• _Activity_
Omit the pictures and return exactly the stretch of the material below from the line with "banque dimages salon" through the line with "平手打ち通り抜ける剛性Tepe歯ブラシ セレクトミニ/エクストラソフト 25本/箱".
***** Records
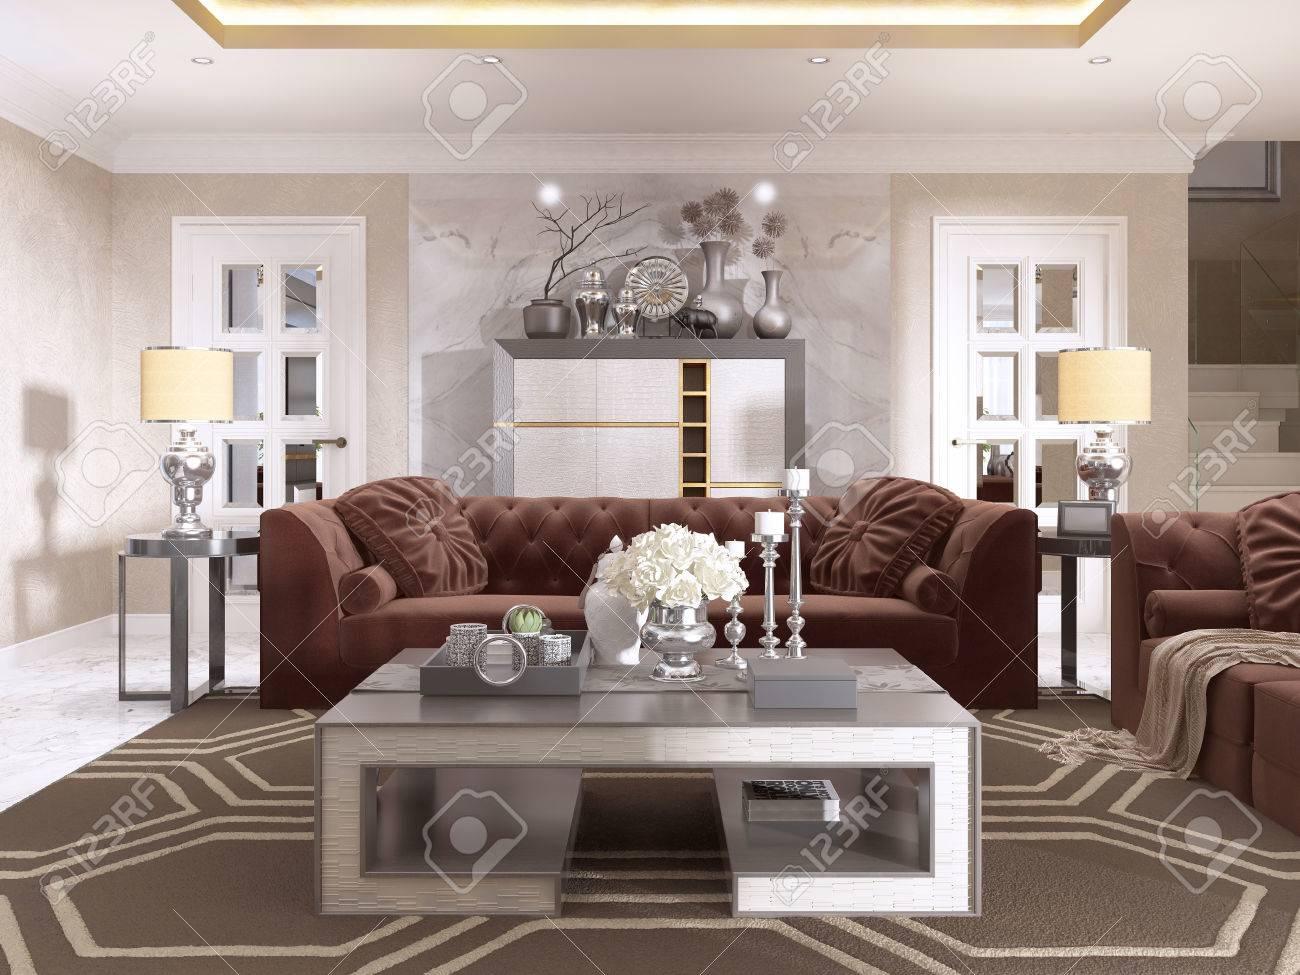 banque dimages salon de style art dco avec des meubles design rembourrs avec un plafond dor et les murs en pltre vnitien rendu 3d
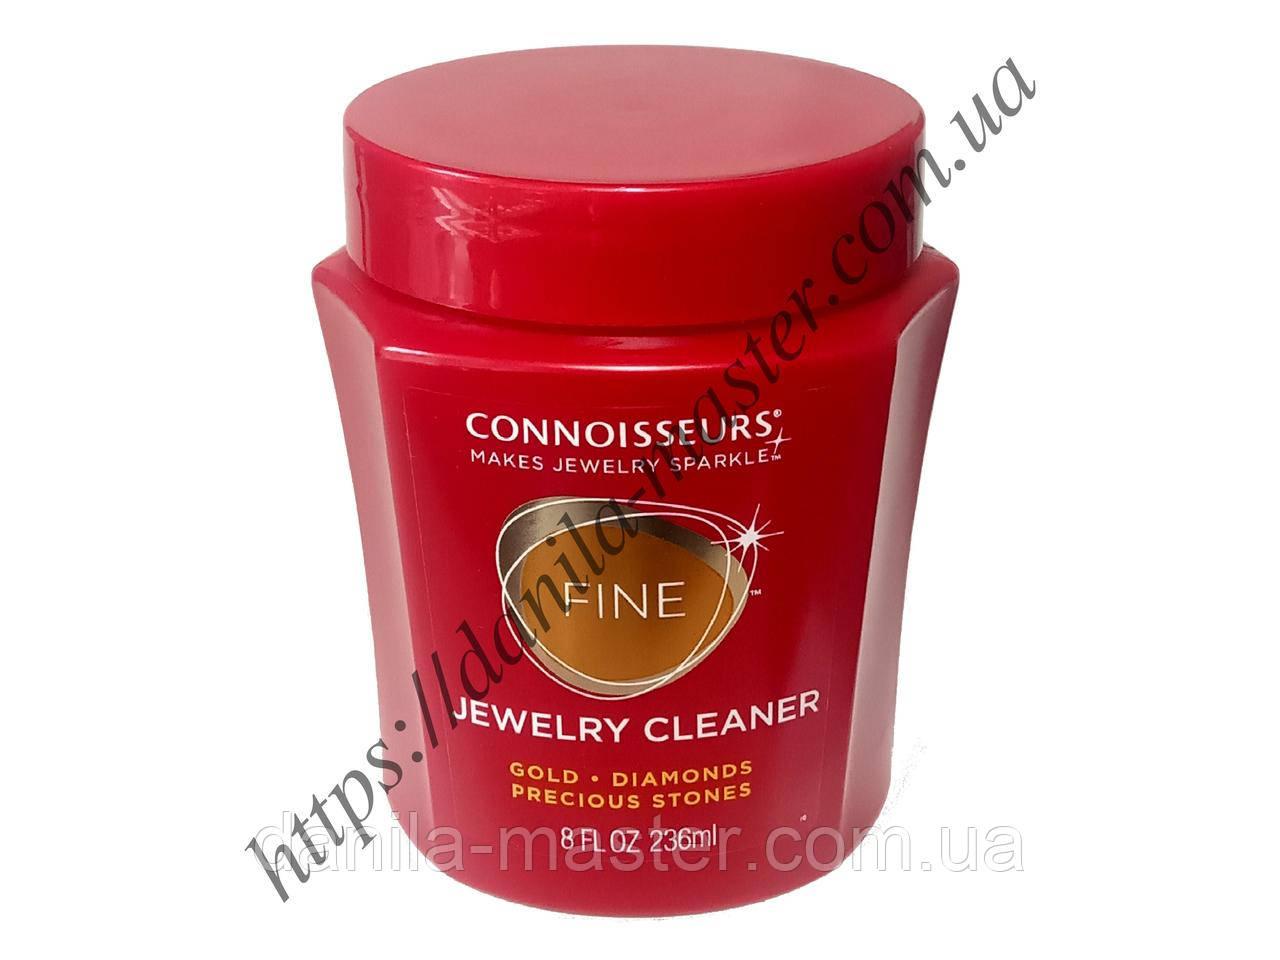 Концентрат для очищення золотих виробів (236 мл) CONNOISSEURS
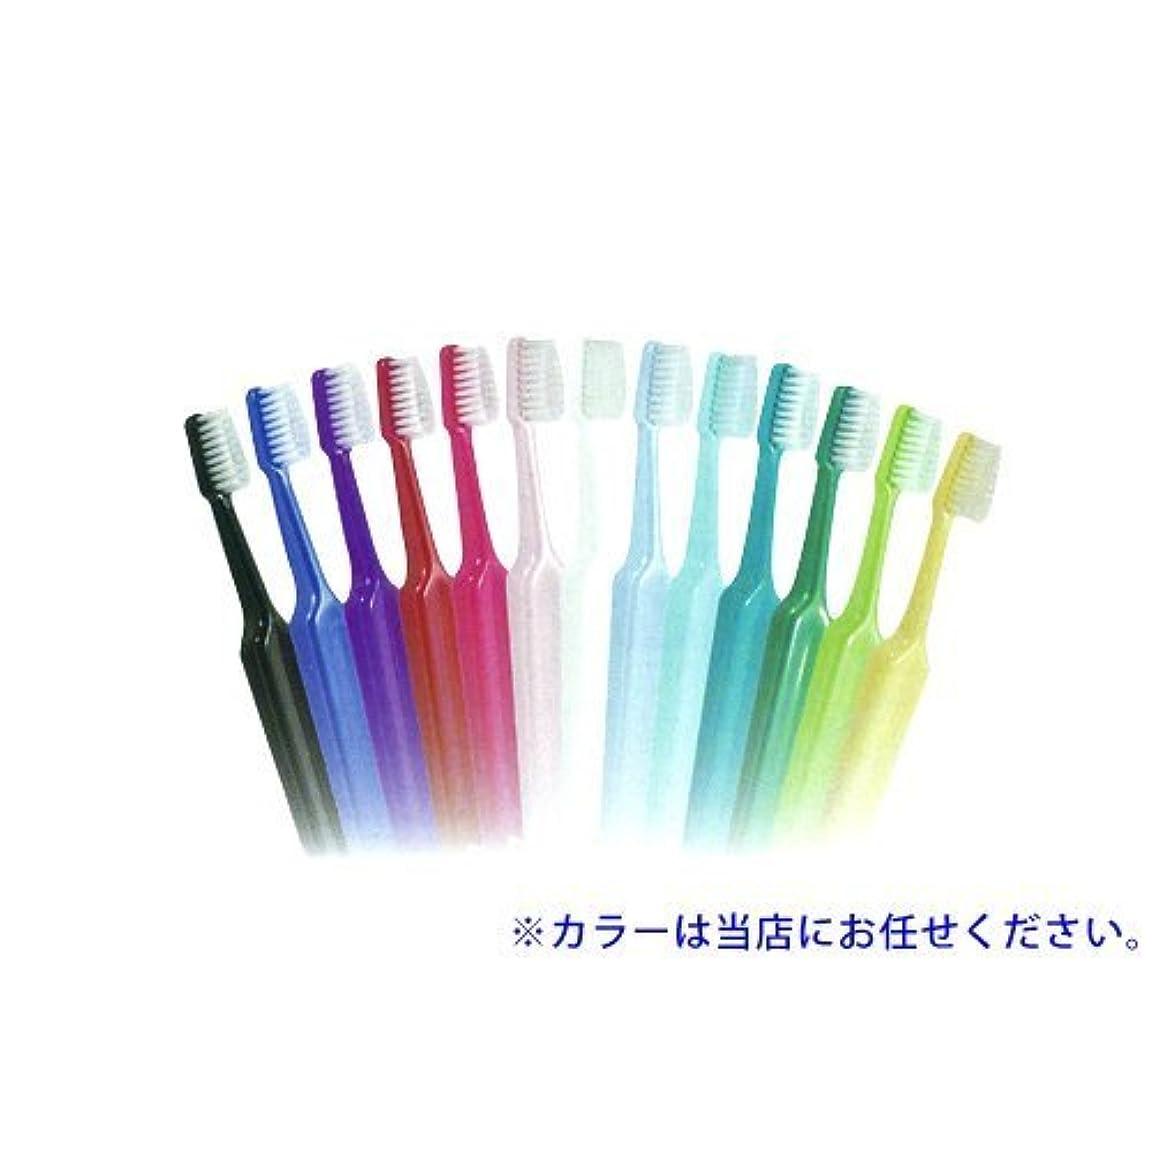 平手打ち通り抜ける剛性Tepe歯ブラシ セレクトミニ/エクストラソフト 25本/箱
**********
***** Records
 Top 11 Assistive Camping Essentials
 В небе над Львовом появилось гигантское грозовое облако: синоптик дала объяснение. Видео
**********
***** Records
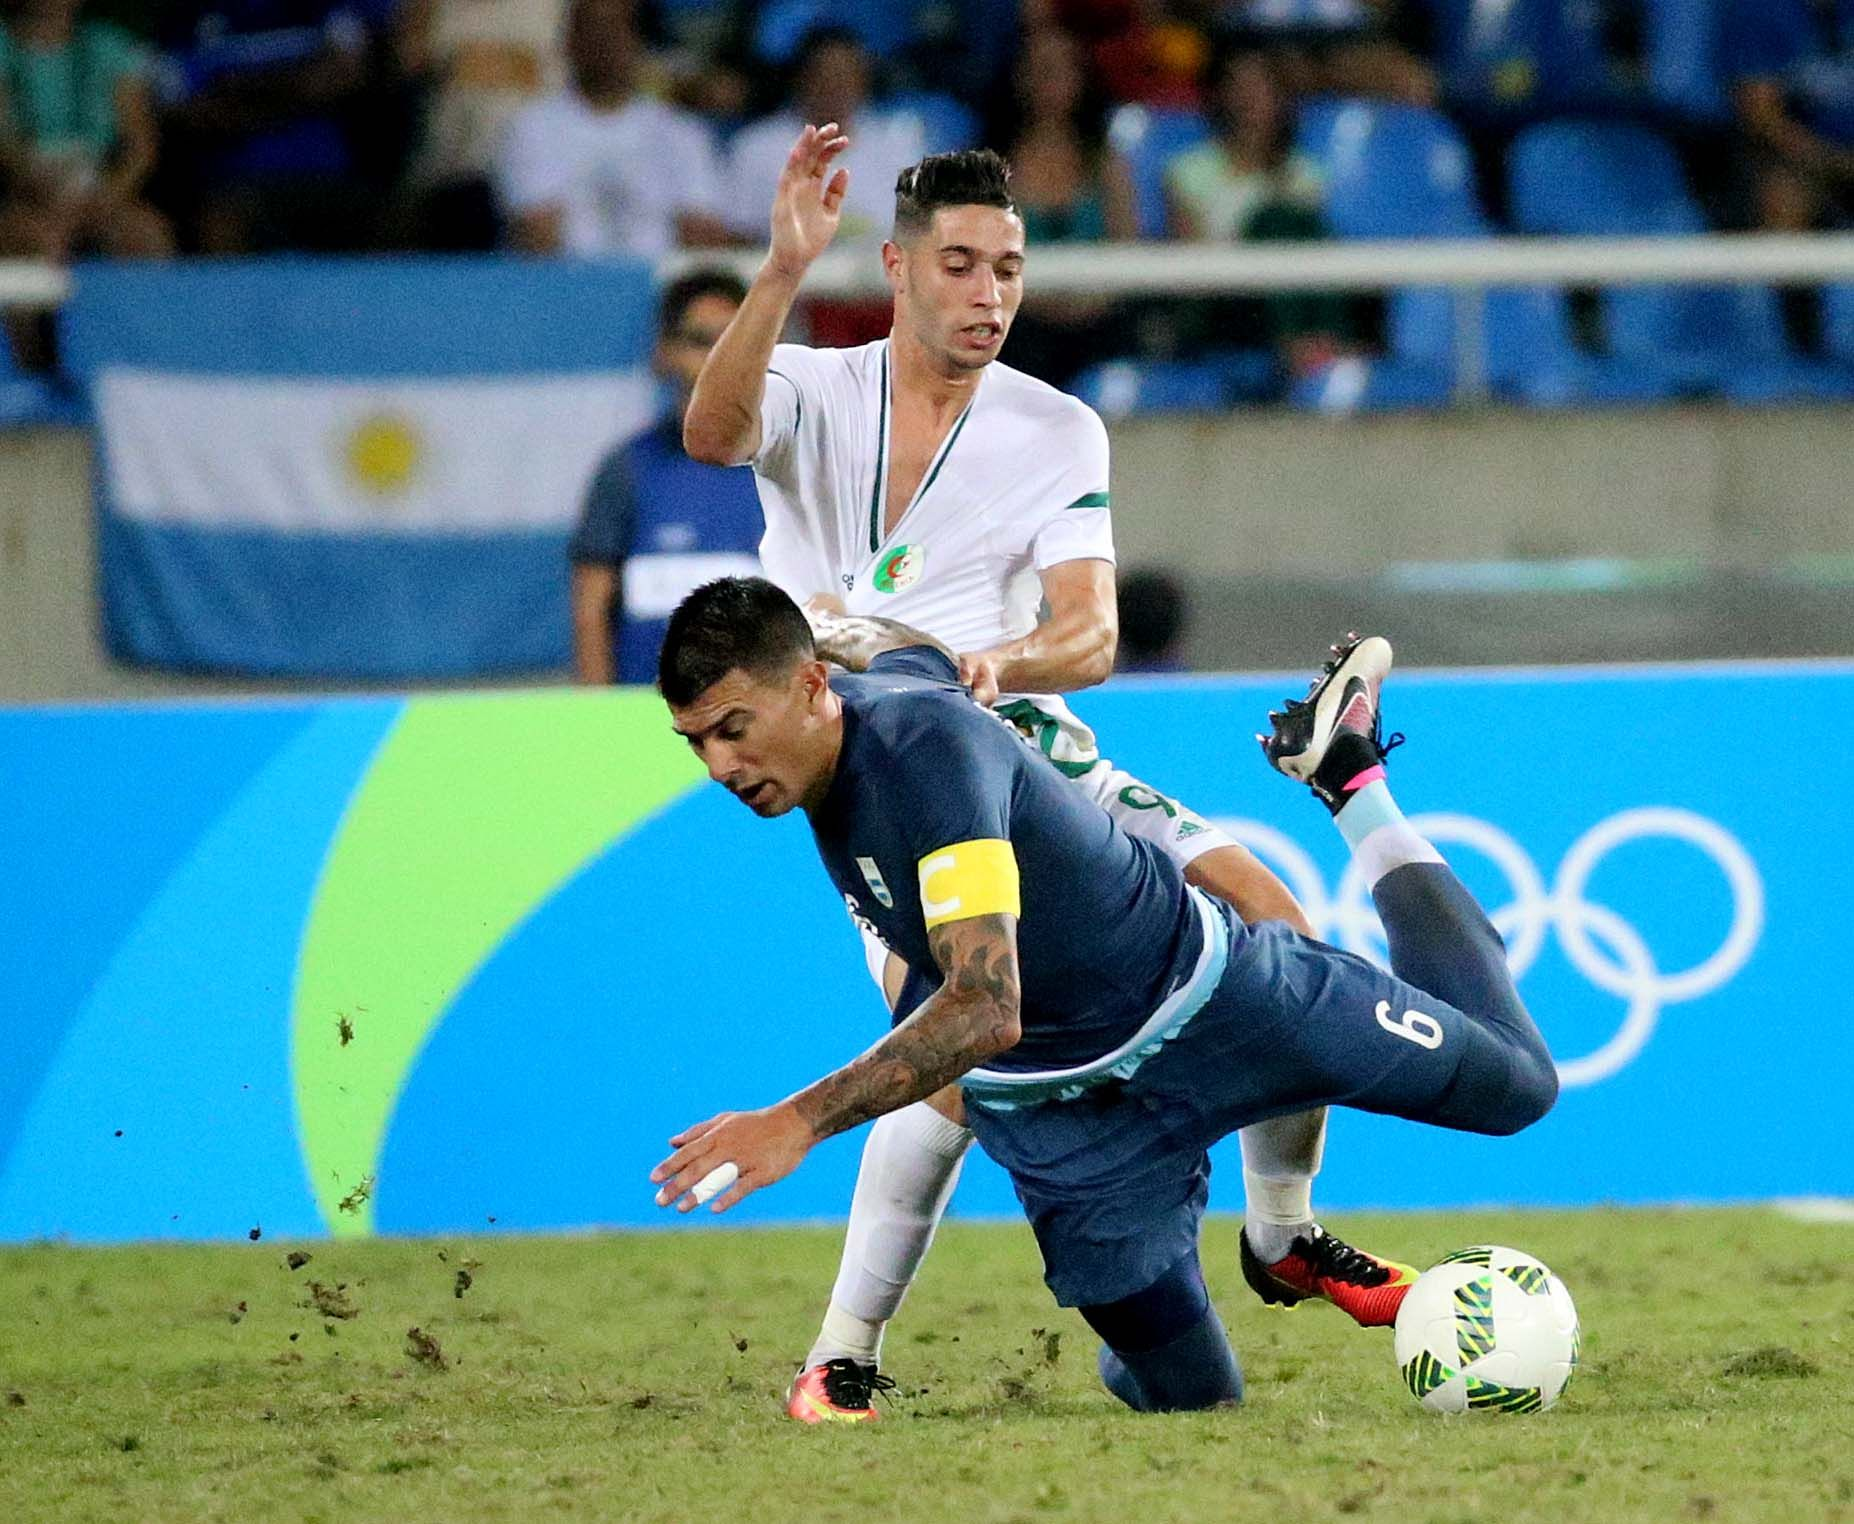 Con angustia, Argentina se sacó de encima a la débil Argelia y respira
**********
• _Solution_
 banque dimages salon de style art dco avec des meubles design rembourrs avec un plafond dor et les murs en pltre vnitien rendu 3d
 Концентрат для очищення золотих виробів (236 мл) CONNOISSEURS
 平手打ち通り抜ける剛性Tepe歯ブラシ セレクトミニ/エクストラソフト 25本/箱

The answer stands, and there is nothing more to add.